Fig. 8: Performance of the Rao-Blackwell identification algorithm on the yeast transcription system with simulated data.
From: Advanced methods for gene network identification and noise decomposition from single-cell data

A Inference of a 3-gene-state system. We first simulated a 3-gene-state system (see Fig. 7B) with parameters k1 = 0.3, k2 = 0.4, k3 = 0.3, k4 = 0.3, \({k}_{{p}_{1}}=3\), and \({k}_{{p}_{2}}=5\) (all in units per minute); its mRNA dynamics and time-course measurements are depicted in the top-left panel. Next, we utilized our algorithm to identify the model parameters using the simulated measurements. The sample size of our algorithm was set to 10,000, and the result is presented in the box surrounded by the dash lines. The results illustrate that our algorithm accurately infers the hidden model parameters. The bottom-left panel compares the stationary distributions of the target system and the inferred model (with parameters being the maximum a posteriori estimates). Due to ergodicity, the stationary distribution of the target system was approximated by the occupation time distribution of the mRNA measurements. This bottom-left panel shows a close match between the two stationary distributions, suggesting the accuracy of the inferred model. B Inference of a 2-gene-state system. We tested our approach when the system had only two gene states. We first simulated the system with parameters the same as before, except that \({k}_{3}={k}_{4}={k}_{{p}_{2}}=0\), i.e., the system had only one active gene state. The mRNA dynamics and its time-course measurements are presented in the top-left panel.
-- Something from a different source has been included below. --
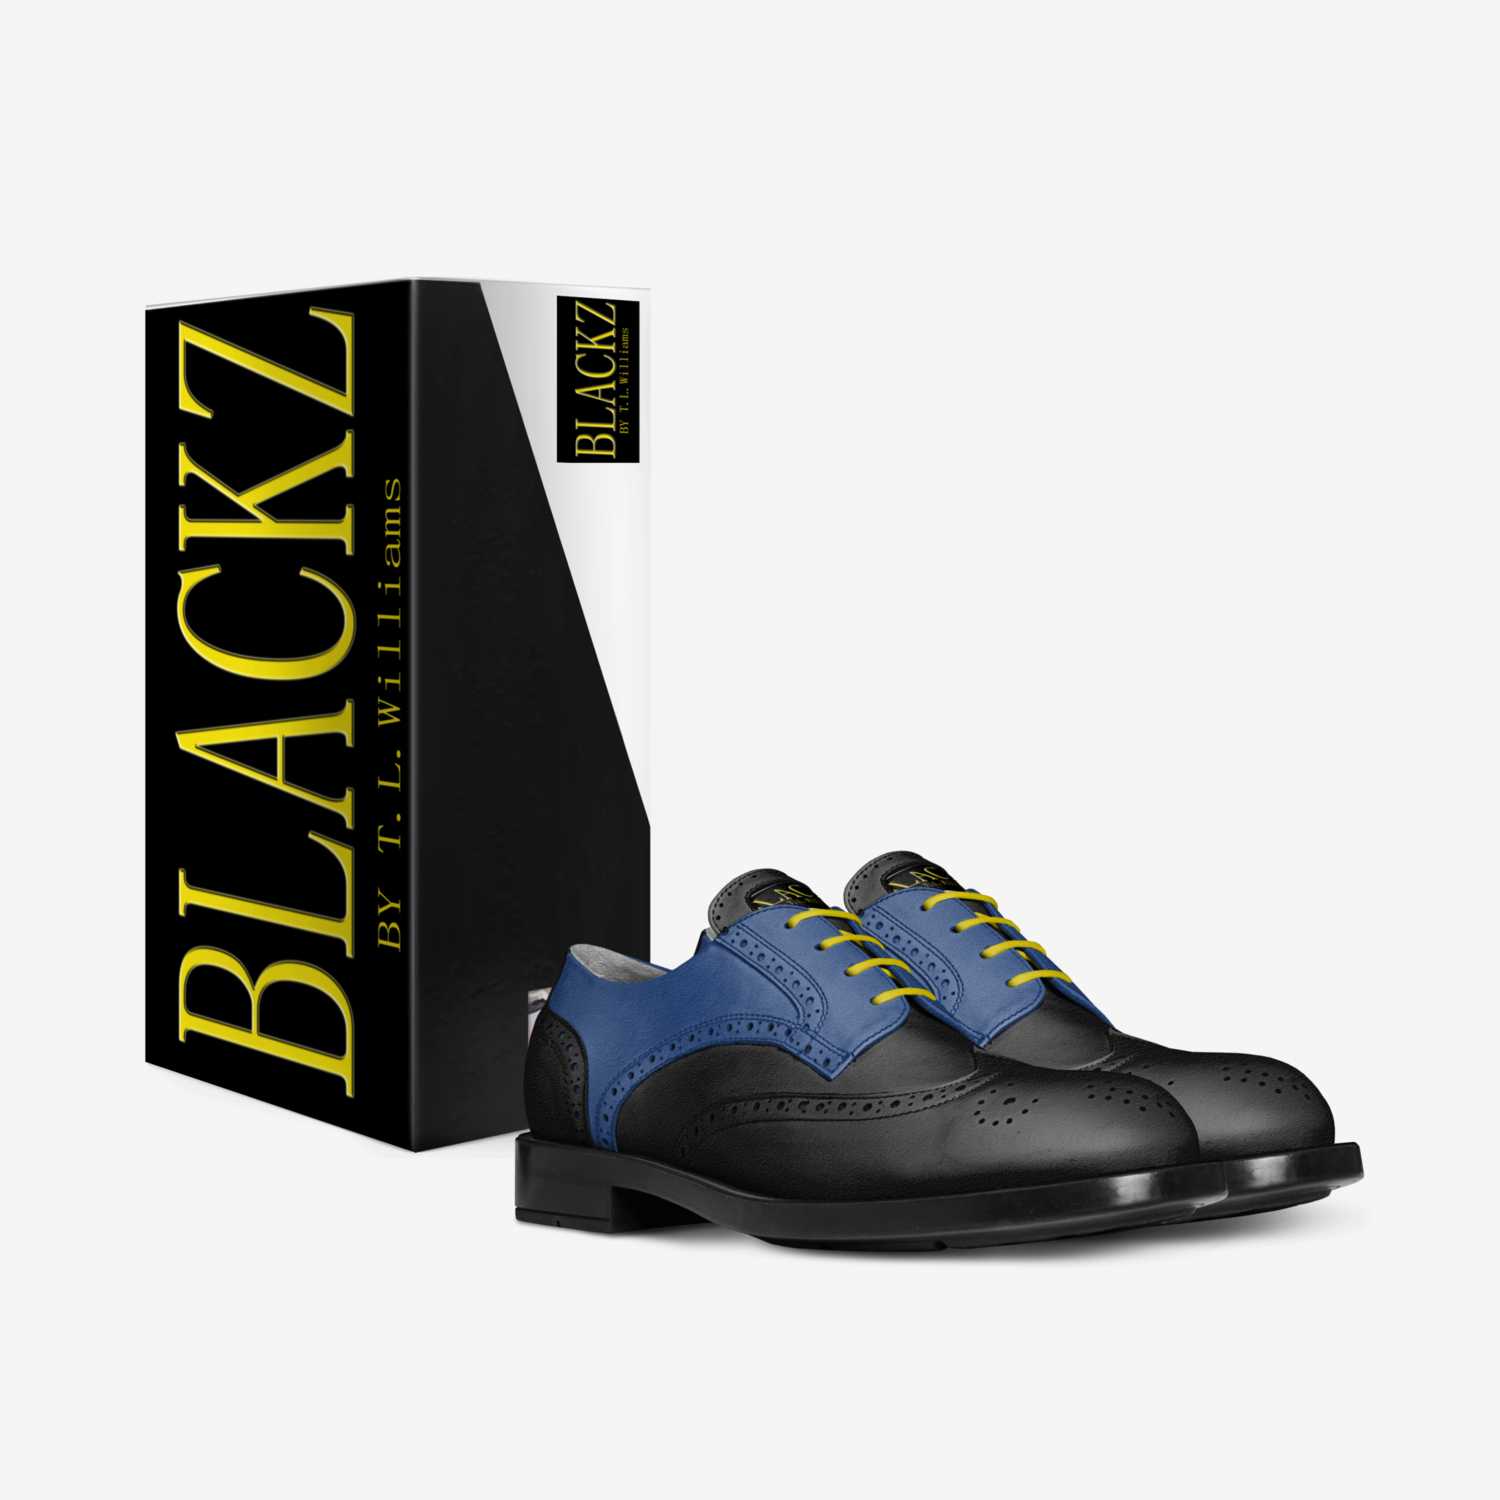 Blackz  custom made in Italy shoes by Terance Williams | Box view

Then, we used our algorithm to identify the model parameters with the sample size set to 10,000; the result is presented in the box surrounded by the dash lines. The results illustrate that our algorithm accurately infers the parameters k1, k2, k3, and \({k}_{{p}_{1}}\); as the maximum a posteriori estimate of k3 is zero, our algorithm correctly identifies the two-gene-state model. For the irrelevant parameters k4 and \({k}_{{p}_{2}}\), our algorithm expectedly gives conditional distributions close to uniform distributions (the prior distribution). The bottom-left panel shows a close match between the stationary distributions of the target system and the inferred model, suggesting the accuracy of the identification result. Source data are provided as a Source Data file.